Anotaciones

Vivimos de escritos y morimos de tachaduras. Edmond Jabès

Entre las paredes del trinquete de Pelayo hallé respuestas a algunas preguntas sobre lo que sea ser valenciano. Y también respecto a la naturaleza profunda de estas gentes de sangre impura, hirviente, taimada y creativa. Atravieso el bar, veo algunos rostros taciturnos -me lo parece- por el destino de este negocio ruinoso y amenazado por el cierre, saludo a José (Genovés II) y a los habituales de este territorio querido, con sus paredes algo rotas y su deambular de hombres. Casi siglo y medio, que se dice pronto.

Comprender el juego es comprender la vida.

Me gusta ver cómo arreglan sus manos en el vestuario mientras narran batallas de todo tipo de las que, gracias a la confianza del tiempo, soy espectador mudo. El ritual meticuloso trasforma los dedos en armas y el brazo en un látigo que llevará la pelota lejos del rival. Me agrada su sonido contra el cemento, los gritos de este juego intenso que un día abandonó las calles porque a los señoritos les molestaban las palabrotas.

Estoy aquí sentado con mi cámara. Tampoco puedo decir algo nuevo. Se trata de un placer efímero, no hay grabaciones desde cada ángulo ni televisiones que repitan cada detalle. Estoy yo y puedo elegir el lugar. Moverme entre ellos, formar parte. Sentir la bola silbar sobre mi cabeza mientras cambian las apuestas en este teatro donde también los rojos y los azules siempre son rivales. Esta bóveda blanca es un templo valioso y único.
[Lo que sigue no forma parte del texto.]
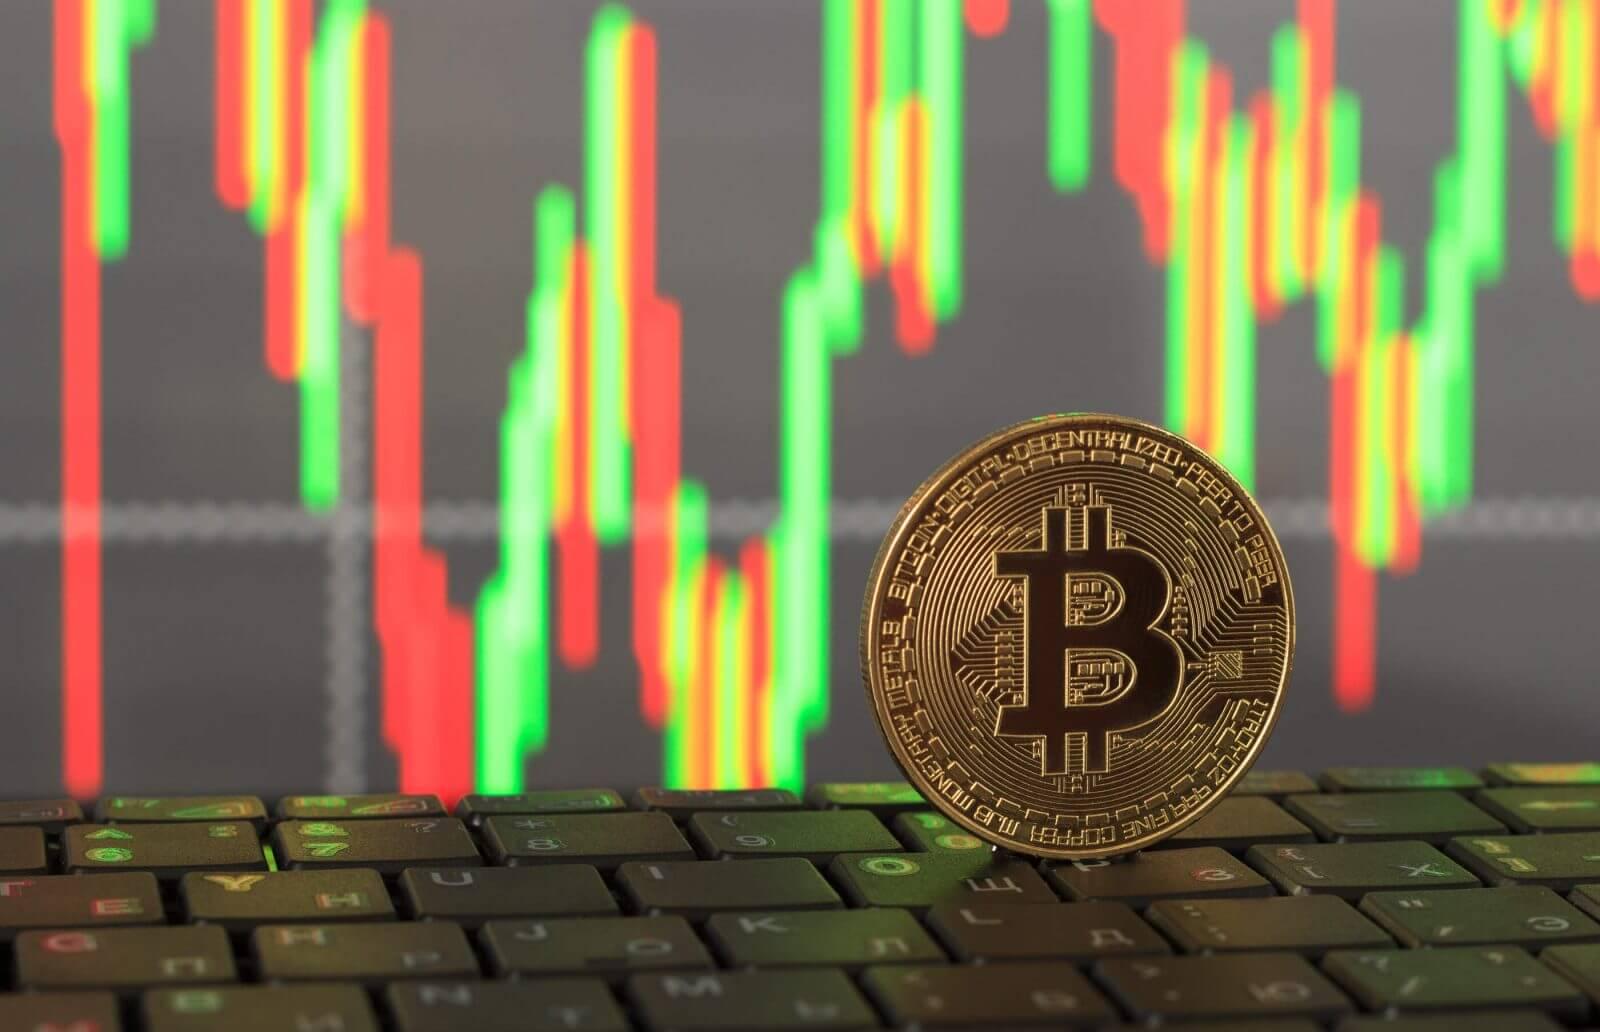 Madenciler Boşluklar ve Dev Short Sinyalleri Bu Hafta Bitcoin BTC Fiyat Hareketini Etkileyebilecek 5 Faktör

Ojalá estuviera lleno, ojalá alguien que explicara con las puertas abiertas qué ocurre cada vez que se inicia una partida. Ojalá un segundo de conmoción, un minuto de lucidez, una hora de principios para entender la belleza de este singular deporte. Pienso que seré más pobre si cierra sus puertas y me privan de un placer tan sencillo. Soy un espectador que aguarda curioso un momento mágico, un lance, un salto, un gesto. Alguien que intenta hacer visible lo invisible.